Le opere dell’artista statunitense Alex Da Corte proprio non ci stanno a passare inosservate. Assomigliano a quei sistemi che fulminano gli insetti attirandoli con la luce verso l’elettricità. E Da Corte di colori psichedelici, led e quant’altro fa un largo uso. Ma una volta dentro le sue installazioni immersive il cortocircuito è in agguato. Perchè nulla è come sembra.
“The decorated Shed” realizzata da Alex da Corte per la Biennale d’Arte di Venezia 2019, “May Yuo Live in Interesting Times” (curata da Ralph Rugoff), ad esempio, a prima vista potrebbe sembrare un semplice diorama. La rappresentazione di una cittadina americana dall’aria vintage, ingenuamente calata nella quiete notturna. In realtà è la copia del plastico della serie tv per l’infanzia “Mister Roger’s Neighborhood”. Piazzata su un tavolo di mogano in stile federale, riempita di insegne al neon di famose catene di ristoranti, e messa al centro di una stanza le cui pareti sono state ricoperte con una tappezzeria floreale in velluto, che cita in un colpo solo Prince e gli architetti di Philadelphia Robert Venturi e Denise Scott Brown.. Un vero tripudio del pop, con riferimenti alla cultura alta, a rendere più allucinatorio il tutto.

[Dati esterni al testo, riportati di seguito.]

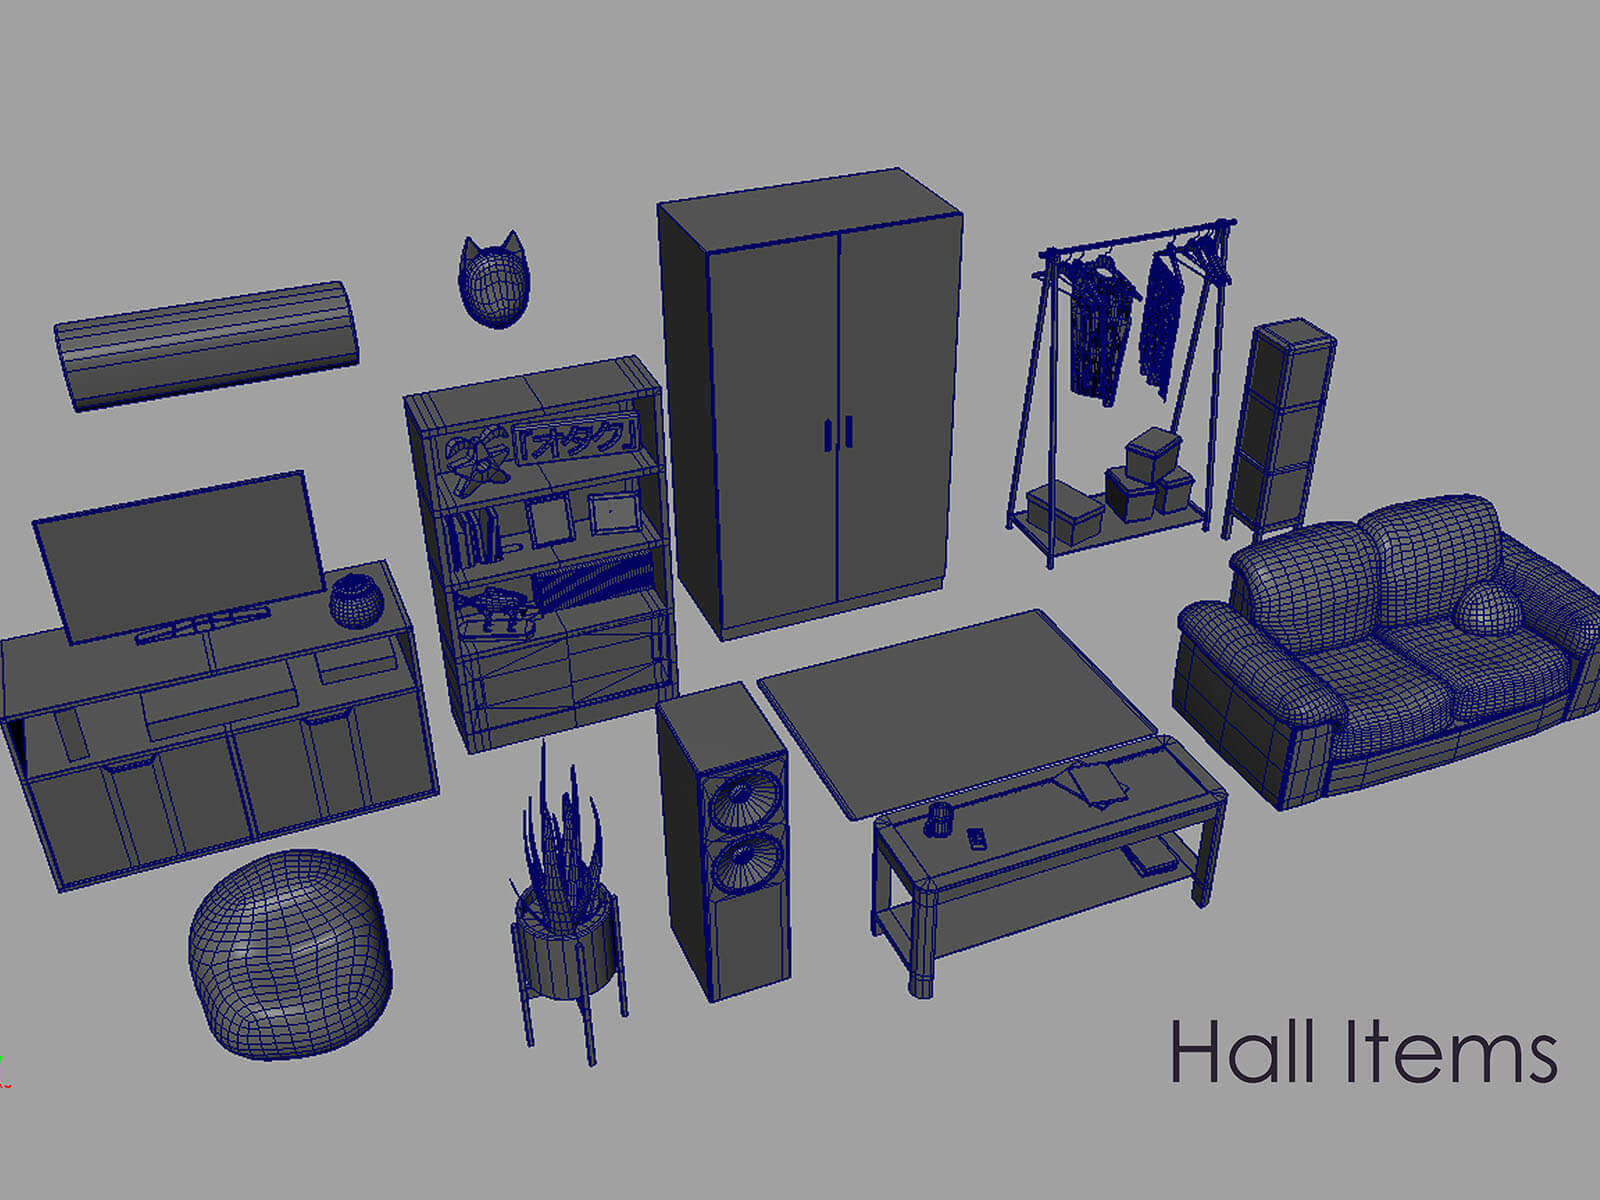 Collection of untextured 3D objects used in the scene's hallway.

D’altra parte il fine di Alex Da Corte è proprio quello di spingerci ad abbandonare il pensiero razionale per entrare in un mondo del memorabilia il cui linguaggio assomiglia a quello del sogno. Dove passato e presente sono sincronizzati, dove l’eccesso è di casa e il paradosso dietro l’angolo, ma anche dove le radici della purezza personale e collettiva riemergono anche se per un solo, sfavillante, istante.